Open jase31 opened 2 years ago
Hello,
can you please post the logs. Depending on your language its under "Protokoll" or "Log" on your paperless-ng webpage.
Most of the time, there is an error description why it couldnt be imported.
When ypu go to "Administration" and then "failed Jobs" you will also see the reason why it hasnt been imported.
-Kai
Logs: [2022-01-23 01:41:52,256] [INFO] [paperless.consumer] Consuming brake.pdf
[2022-01-23 01:41:53,044] [DEBUG] [paperless.consumer] Detected mime type: application/pdf
[2022-01-23 01:41:59,654] [DEBUG] [paperless.consumer] Parser: RasterisedDocumentParser
[2022-01-23 01:41:59,722] [DEBUG] [paperless.consumer] Parsing brake.pdf...
[2022-01-23 01:42:21,818] [DEBUG] [paperless.parsing.tesseract] Extracted text from PDF file /data/consume/brake.pdf
[2022-01-23 01:42:33,183] [DEBUG] [paperless.parsing.tesseract] Calling OCRmyPDF with args: {'input_file': '/data/consume/brake.pdf', 'output_file': '/tmp/paperless/paperless-4x_8sck6/archive.pdf', 'use_threads': True, 'jobs': 2, 'language': 'eng', 'output_type': 'pdfa', 'progress_bar': False, 'skip_text': True, 'clean': True, 'deskew': True, 'rotate_pages': True, 'rotate_pages_threshold': 12.0, 'sidecar': '/tmp/paperless/paperless-4x_8sck6/sidecar.txt'}
[2022-01-23 02:15:25,860] [DEBUG] [paperless.classifier] Gathering data from database...
[2022-01-23 02:16:26,163] [DEBUG] [paperless.tasks] Training data unchanged.

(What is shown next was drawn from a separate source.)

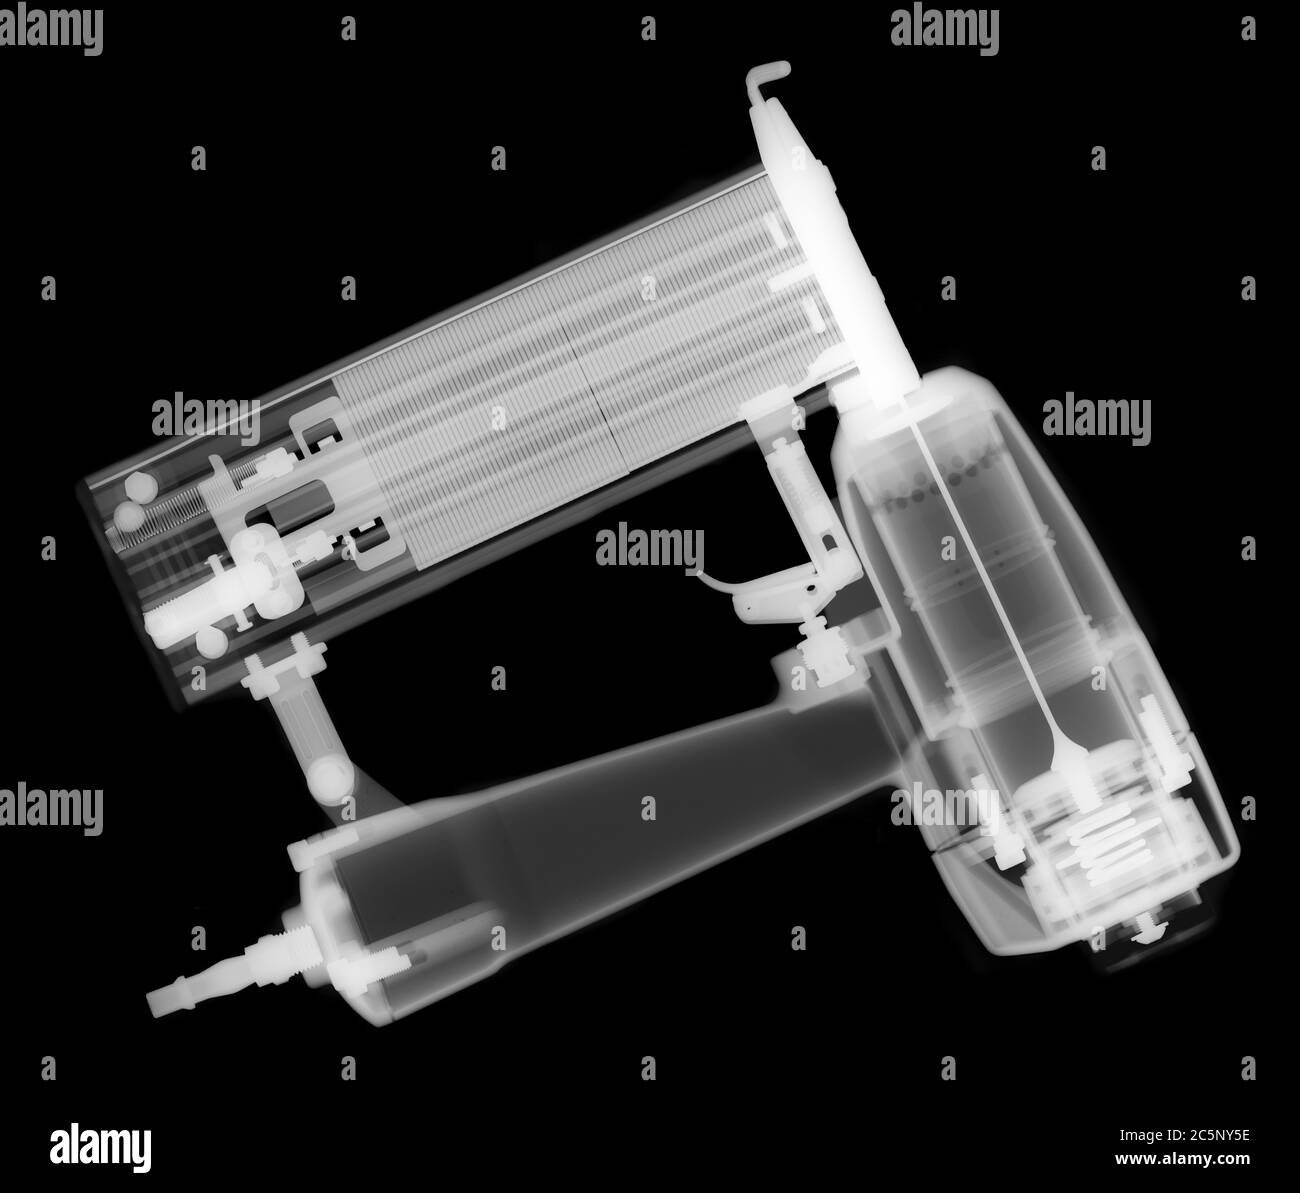 Small nail gun, X-ray. Stock Photo

Thanks for the link to "failed job" - looks like the files might be duplicate. Does paperless therefore automatically import one copy of document? and reject duplicates?
Hello,
that is correct. If a new document is recognized as duplicate it will not be consumed again.
Kai
If your problem has been solved, please close the issue. Thanks. Kai
Ive just tried to import another file. Ive copied it to consume, and the process has run. However, this does not appear to be added to the system, and there is no entry under failed tasks. It seems to affect certain files (i.e certain documents never import - even if loaded and reprinted into a "new" pdf)
[2022-01-24 10:29:23,138] [INFO] [paperless.management.consumer] Adding /data/consume/HMRC (2021).pdf to the task queue.
[2022-01-24 10:29:27,471] [INFO] [paperless.consumer] Consuming HMRC (2021).pdf
[2022-01-24 10:29:27,635] [DEBUG] [paperless.consumer] Detected mime type: application/pdf
[2022-01-24 10:29:28,771] [DEBUG] [paperless.consumer] Parser: RasterisedDocumentParser
[2022-01-24 10:29:28,791] [DEBUG] [paperless.consumer] Parsing HMRC (2021).pdf...
[2022-01-24 10:29:37,555] [DEBUG] [paperless.parsing.tesseract] Extracted text from PDF file /data/consume/HMRC (2021).pdf
[2022-01-24 10:29:40,684] [DEBUG] [paperless.parsing.tesseract] Calling OCRmyPDF with args: {'input_file': '/data/consume/HMRC (2021).pdf', 'output_file': '/tmp/paperless/paperless-uc3mdxf0/archive.pdf', 'use_threads': True, 'jobs': 2, 'language': 'eng', 'output_type': 'pdfa', 'progress_bar': False, 'skip_text': True, 'clean': True, 'deskew': True, 'rotate_pages': True, 'rotate_pages_threshold': 12.0, 'sidecar': '/tmp/paperless/paperless-uc3mdxf0/sidecar.txt'}
[2022-01-24 11:15:17,310] [DEBUG] [paperless.classifier] Gathering data from database...
[2022-01-24 11:15:27,144] [DEBUG] [paperless.tasks] Training data unchanged.
In admin, there is no entry under "failed" tasks.
Describe the bug Most files added to consume directly are added, but certain pdf remain sitting in the consume directory and do not disappear / get processed.
Expected behavior A clear and concise description of what you expected to happen
Files added to consume should be added.